Music Takes You Back

Today I felt the need to declutter....fall cleaning I suppose you'd call it.  I found my old LP's and some of my favorite old CD's and I dusted off the player my kids gave me a few years ago and put on Barry Manilow.  Barry KNEW me back in the day.  He sang to my teenage heart.  His love songs swept me through heartache and teen dreams and his sad songs would see a melancholy young girl with tears in her eyes, singing along, petting her poodle, Kandi, and hugging a stuffed Pooh.

The power of music is so strong now, just as it was then.  "I can't smile without you..." used to mean I missed my first love, a beautiful blond haired, blue eyed Michael.  Or maybe it was tough and scrappy Kenny.  Or Rodney.  Or Ed.  I thought my heart was breaking then, but now I know, as a forty eight year old woman, that I had no idea what heartache really was.  I thought I was in love over and over, but now I have my husband of twenty four years and again, I had no idea.  I dreamed of the children I would have, the husband I would share my life with, the house with the picket fence, the dog in the backyard.

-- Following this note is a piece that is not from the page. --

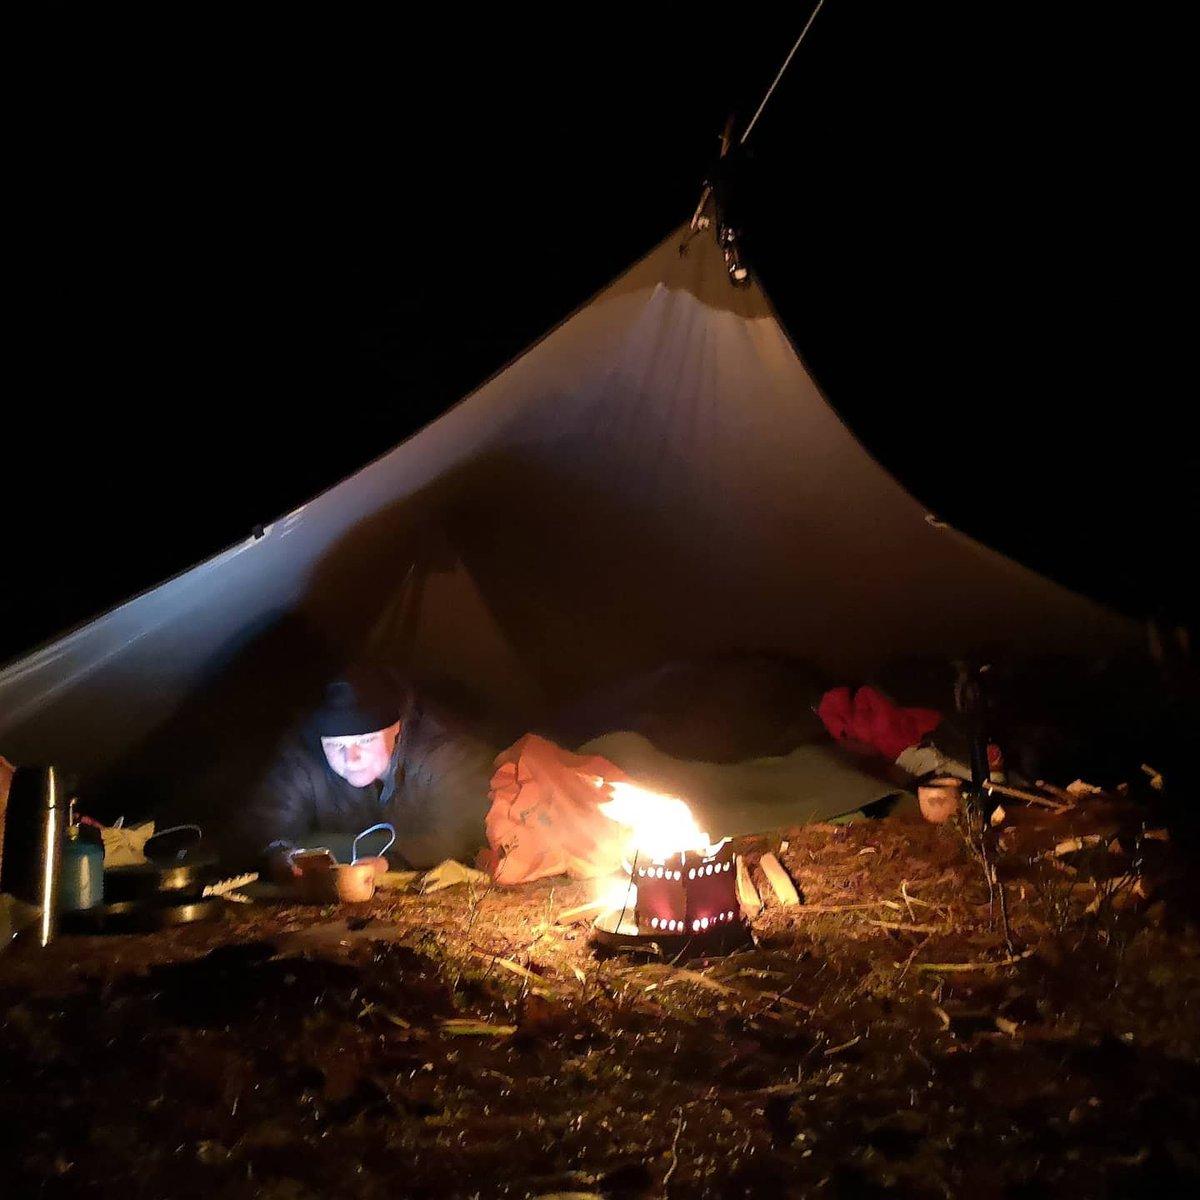 #Luonto on pop! Tänään kiva 1,5 #rogain Siikajärvellä, pulahdus siihen samaan ja yöpyminen #nuuksio'ssa ja #risukeitin luo tunnelmaa. Mukana @SahlstromTeija  #nuuksionationalpark #kivakeli #syksy #autumn #camping #retkeily #hiking #orienteering #Suunnistu #nature  #naturepicture https://t.co/ZueWTekzcX

So I am singing away, lost in my memories, vacuuming my livingroom.  My nine year old, the last of my four children, is bouncing a basketball out in the backyard (with the dogs, but no picket fence).  I try to block it out.  I am fifteen in my little yellow and white bedroom at 3610 Lilac Ave.....  and the phone rings and it's my twenty year old telling me he's on his way home from college....   Ok.  Drive safe, son. Back to Barry......   posters on the wall of Leif Garrett, Scott Baio....  wait, I have to give this book I just found to my daughter.....the 28 year old and oh, I have to text my 25 year old daughter about her doctor's visit.  

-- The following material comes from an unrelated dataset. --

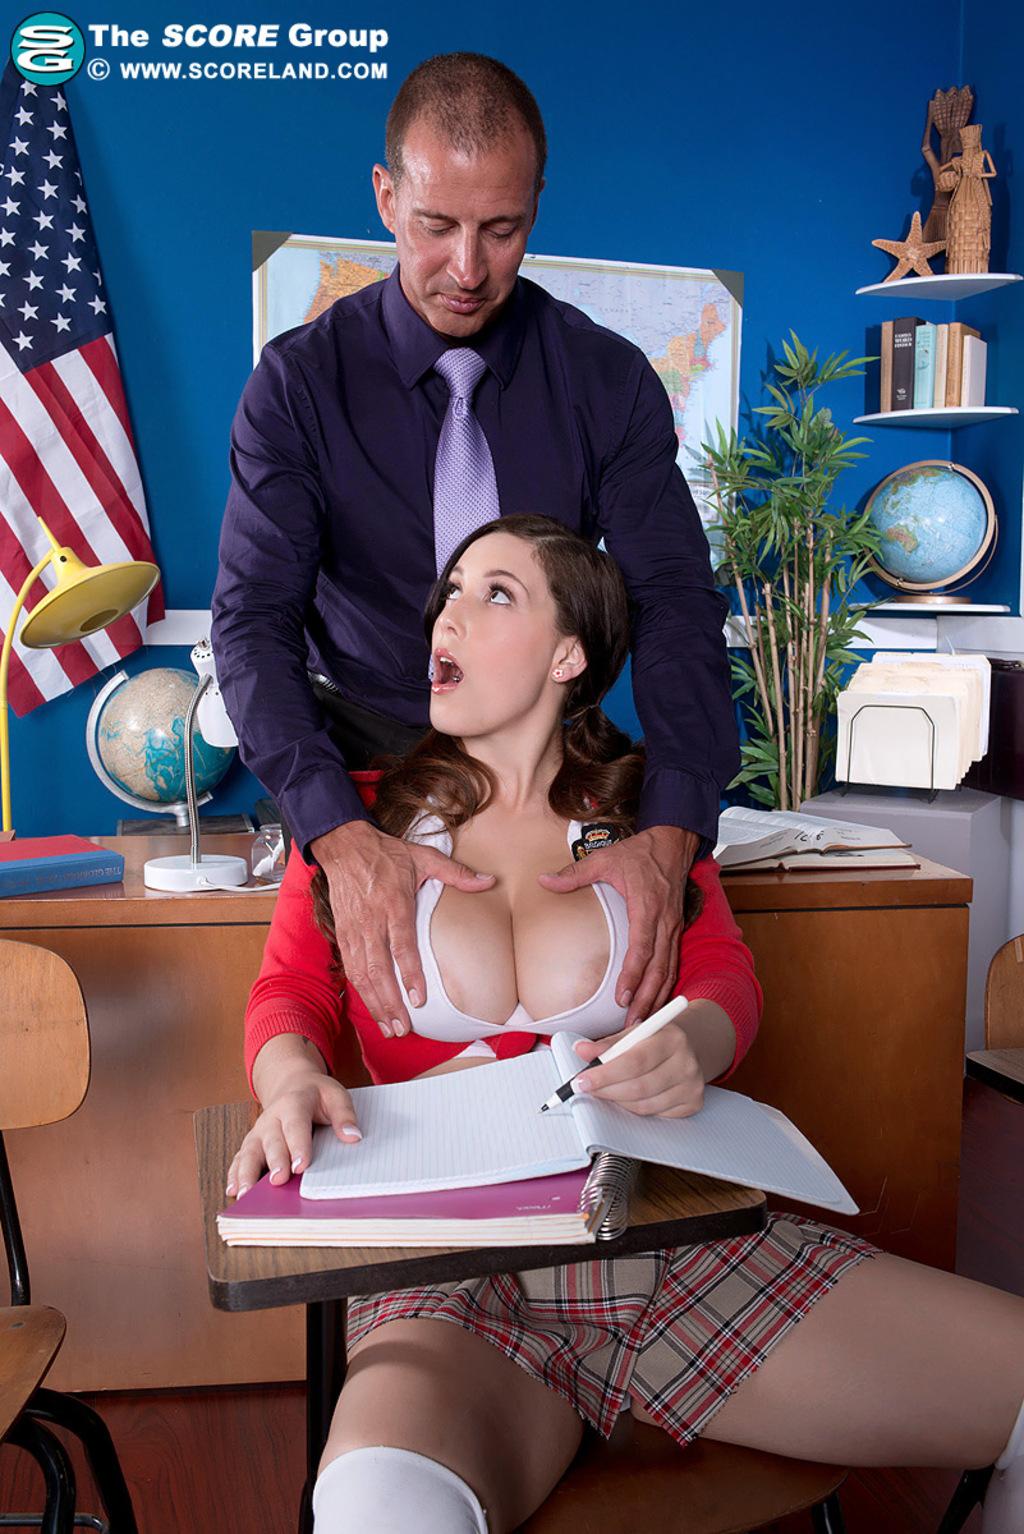 Смотреть онлайн порно ролики преподаватель и студентка 12 фотография

So I sit down to write in my blog so I can capture the remnants of my teenage angst.  I pull open my laptop and go to my blog....and there on the cover is my absolutely stunning 2 1/2 year old granddaughter.....which reminds me of my brand new second granddaughter....

Ah, so I am not fifteen, but forty eight.  I am not in my yellow and white bedroom, but my comfy, warm rancher that I share with my husband, two sons and two dogs and a cat (and two fish, but who's counting).  One daughter is working, one is on maternity leave.   I don't have a picket fence, but I do have a loving husband.  I didn't fulfill all the dreams I had as a child, but I captured so many more I didn't know about.

"Mom, are you gonna come and see my basketball moves...?"  That's Dakota.  He needs me.  Time to turn off the music and save it for another day.  It was nice to drift back in time and remember who I was, but reality calls and I am a blessed woman with a good life.  And for that I am thankful.